Facing aging, crumbling and half-empty buildings, Detroit school board to consider $945,000 review of district properties

Detroit’s main school district is considering spending nearly $1 million to assess the quality of the aging buildings that house its 106 schools.

Superintendent Nikolai Vitti has talked since arriving in Detroit last spring about the need for the district to review the conditions of its buildings as it makes decisions about which buildings need renovations  — and which ones might need to be closed.

Many school buildings are in serious disrepair — a problem that became a national story two years ago when so many teachers called in sick to protest school conditions that most district schools cancelled classes.

Many buildings are also half empty, meaning dollars that could be used to educate children are instead going toward heating empty hallways. But closing schools could exacerbate challenges for families in a city where many children live in neighborhoods without quality school options.

The Detroit school board on Tuesday is expected to vote on a $945,000 contract with a Livonia-based engineering and architecture firm called OHM Advisors to conduct a review of district properties — approximately 12.2 million square feet of real estate across the city, plus surrounding parking lots, playgrounds and sports fields.

According to documents posted by the district ahead of the board’s vote, the firm would start work this month and produce a detailed report by June spelling out repairs needed for each school building, the cost of those repairs and the “probable remaining useful life” of the buildings.

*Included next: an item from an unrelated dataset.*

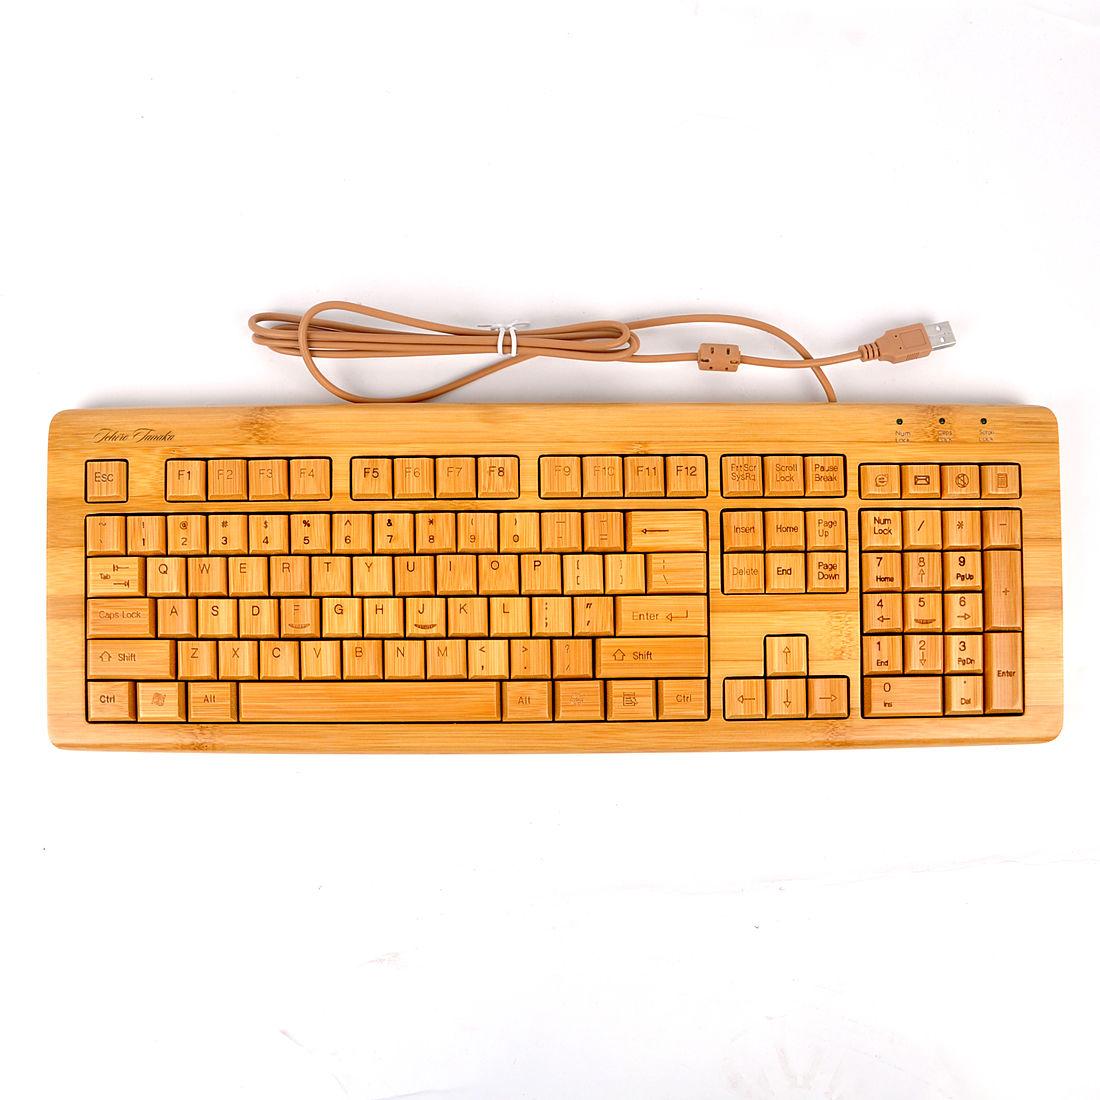 楽天市場 lifesign名入れ無料 生活用品 竹製キーボード usb接続 有線

“For nearly a decade, Detroit Public Schools was led by emergency managers. Decisions made during this time were primarily driven by short-term, crisis management, and asset reduction … [that] … lacked creativity and strategic planning,” district staff wrote in documents that recommend the board approve the contract.

This contract, the staffers wrote, would “provide a roadmap for strategic reinvestment in schools and neighborhoods.”

The documents indicate that another company, Plante Moran Cresa, submitted a bid for the job that was approximately $400,000 less than OHM Advisors’ bid. The district staff recommended OHM because its proposal “offered a more independent, modern, and national facility review model to provide a comprehensive yet usable long-term assessment for the district.”

Staff wrote that “simply selecting the firm with the lower cost will not yield the data the district needs in this most important process.”

The school board, which plans to meet Tuesday at 5 p.m. at Osborn High School, also plans to vote on a major insurance contract and on a tool for evaluating principals. Also on the agenda is a new policy for naming schools that could eventually lead to new names for Detroit schools currently named after living people. Among them is the Ben Carson High School for Science and Medicine, which is named for the U.S. Secretary of Housing and Urban Development.